I am tired of smoking; I feel that a change is in need. I should transform with the seasons, take new steps towards my health. I don't eat breakfast. When we cook dinner, we eat well. I don't have a balanced diet. I stay up too late, eat junk directly before bed, and top it of with a cigarette. Instead of trying to prohibit cigarettes, the government allows it. This is a drug, one that the whole world can purchase legally, (permitting age limit). By providing consumers with cigarettes, tobacco companies make money off the consumer, and passing the consumer down the line. Hospitals make money off smokers. Homeowner insurance is higher to those who smoke (I think, or it is at least a question on the application. All the people that die from smoking provide money to funeral homes, and cemeteries. Cigarettes are partly for economic purposes, but also for population control. Consumers, including myself go to the store and purchase cancer sticks. If I had never started smoking, I would have had so much more money to do things that I wanted and want to do.

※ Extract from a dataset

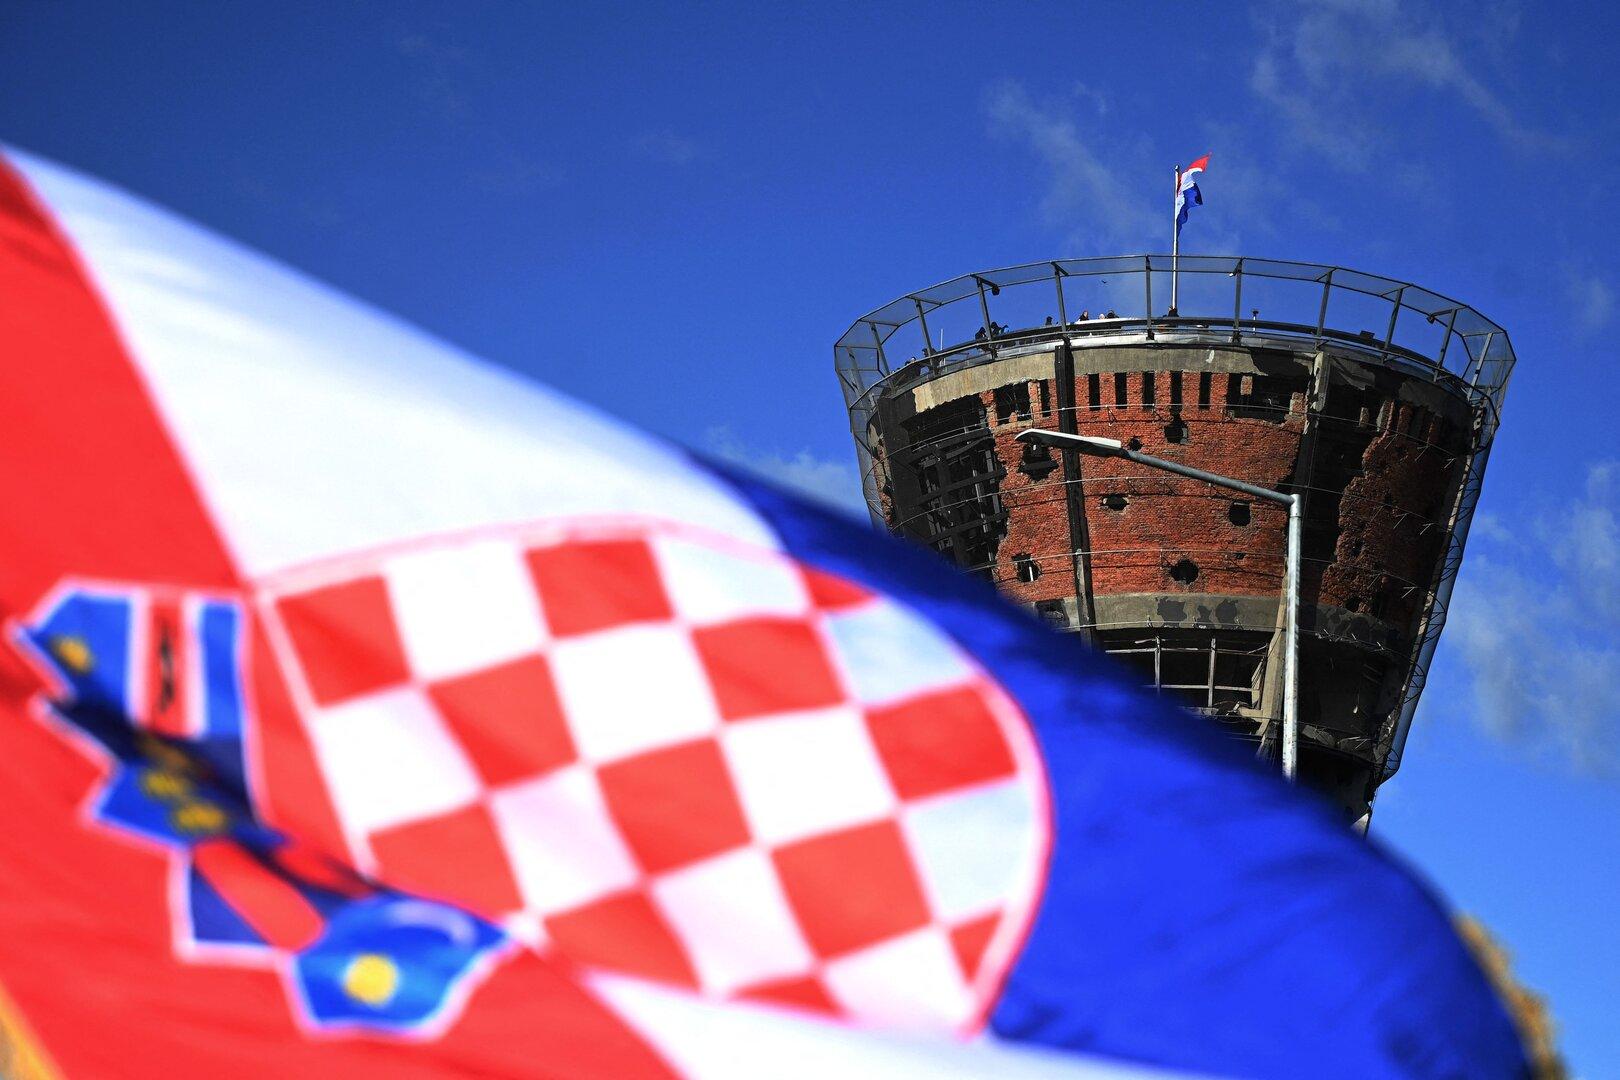 Partei von rechtsextremem Schlager-Star regiert in Kroatien

If I had kept track of the money I have spent on cigarettes this summer I would probably been able to pay some bills ahead of time. The end of the work season is not far from now; so trying to play catch up and get ahead at the same time makes it a little more difficult. I need to call herbal research and take supplements then I my lungs can clean themselves, my nails won't grow with a yellow tint. My whitening toothpaste would actually work. I just need to discipline myself. I don't drink, sometimes I'll have a beer, I don't do drugs, and I have control over these decisions. All I need to do is stop buying them, and don't bum any off of anyone. Well the phone is ringing, going to go to talk to my mom. Later.

1 comment:

johngoldfine said...

I read and commented on the scene and dialogue after I read the journal, and doing it that way makes the journal much clearer to me--I can see you much better after hearing you dealing with the Taylors. I like your touch with things--bicycles, icecream cakes, hampers and so on. You can set the scene, you can do the dialogue, you can even soliloquize on the Evil Cigarette.